United States v. Davis, 588 U.S. 445 (2019), is a United States Supreme Court decision in which the court held that a statute authorizing enhanced penalties for using a firearm during the commission of a "crime of violence" is unconstitutionally vague.

==Background==
On November 19, 2015, a jury found defendant Maurice Lamont Davis guilty on six counts, including the illegal use or carrying of a firearm in relation to a crime of violence (a “Hobbs Act robbery”) and the illegal use or carrying of a firearm to aid and abet conspiracy to commit a crime of violence. Also on November 19, 2015, a jury found defendant Andre Levon Glover guilty on seven counts, including the two counts described above.

On appeal, the United States Court of Appeals for the Fifth Circuit issued an opinion on January 31, 2017, denying both defendants’ challenges and affirming the district court’s judgment below. The defendants petitioned the US Supreme Court for certiorari, and following the Court’s decision in Sessions v. Dimaya, the Court remanded their case back to the Fifth Circuit for further consideration in light of that decision. After requesting supplemental briefing from the parties on the effect of Dimaya, the Fifth Circuit affirmed in part and vacated in part.

==Judgment==

Affirmed in part, vacated in part, and remanded, 5–4, in an opinion by Justice Gorsuch on June 24, 2019. Justice Kavanaugh filed a dissenting opinion, in which Justices Thomas and Alito joined, and in which Chief Justice Roberts joined as to all but Part II–C.

===Legal principles===

18 U.S.C. § 924(c) contains both an “elements clause” and a “residual clause.” The elements clause defines an offense as a crime of violence if it “has as an element the use, attempted use, or threatened use of physical force against the person or property of another,” and the residual clause defines an offense as a crime of violence if it, “by its nature, involves a substantial risk that physical force against the person or property of another may be used in the course of committing the offense.” In Dimaya, the Court addressed (and invalidated) a residual clause identical to the residual clause in § 924(c) but did not address the elements clause.
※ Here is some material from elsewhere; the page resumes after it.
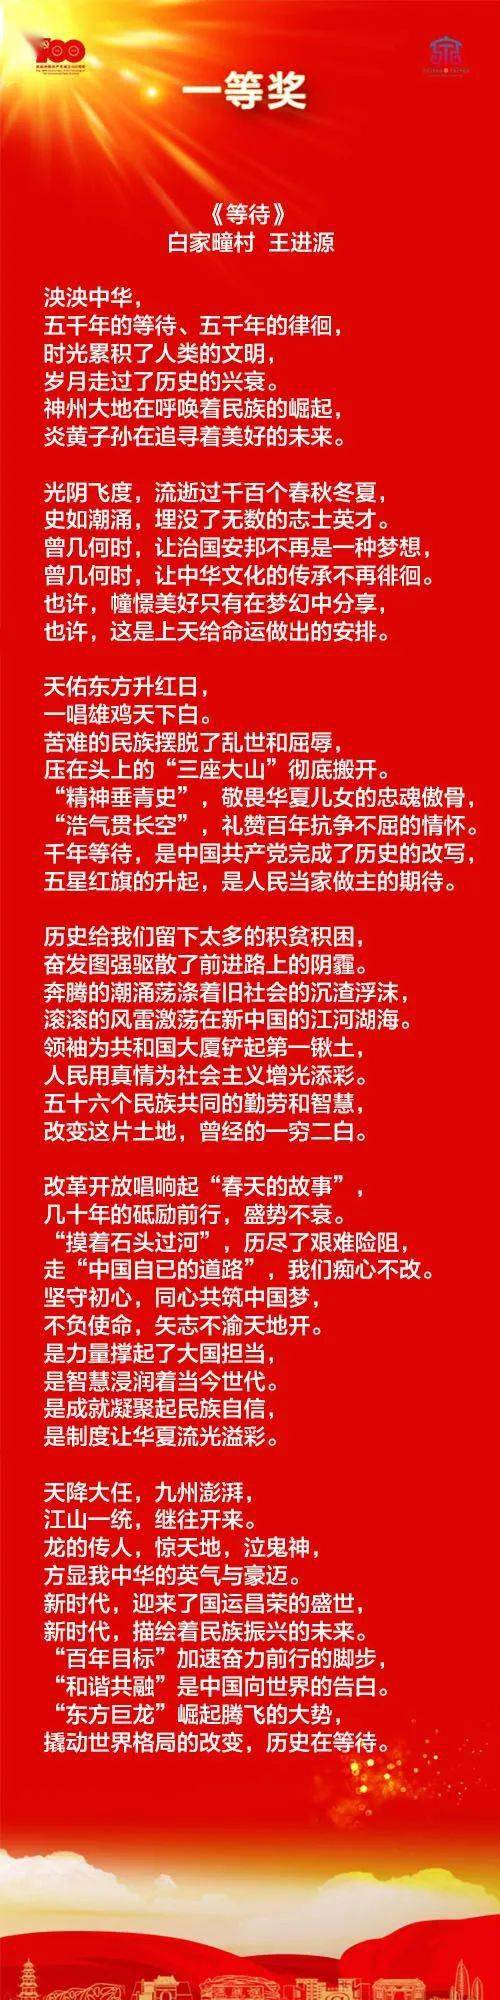 【党史】"峥嵘百年 岁月如诗"温泉镇原创红色诗词大赛

Thus, the Fifth Circuit held the residual clause in 924(c) unconstitutionally vague under Dimaya but did not invalidate the elements clause in that section. As a result of this holding, the Fifth Circuit affirmed its prior judgment as to the Hobbs Act robbery count but vacated as to the aiding and abetting conspiracy count, because the former relies on the elements clause while the latter relies on the residual clause.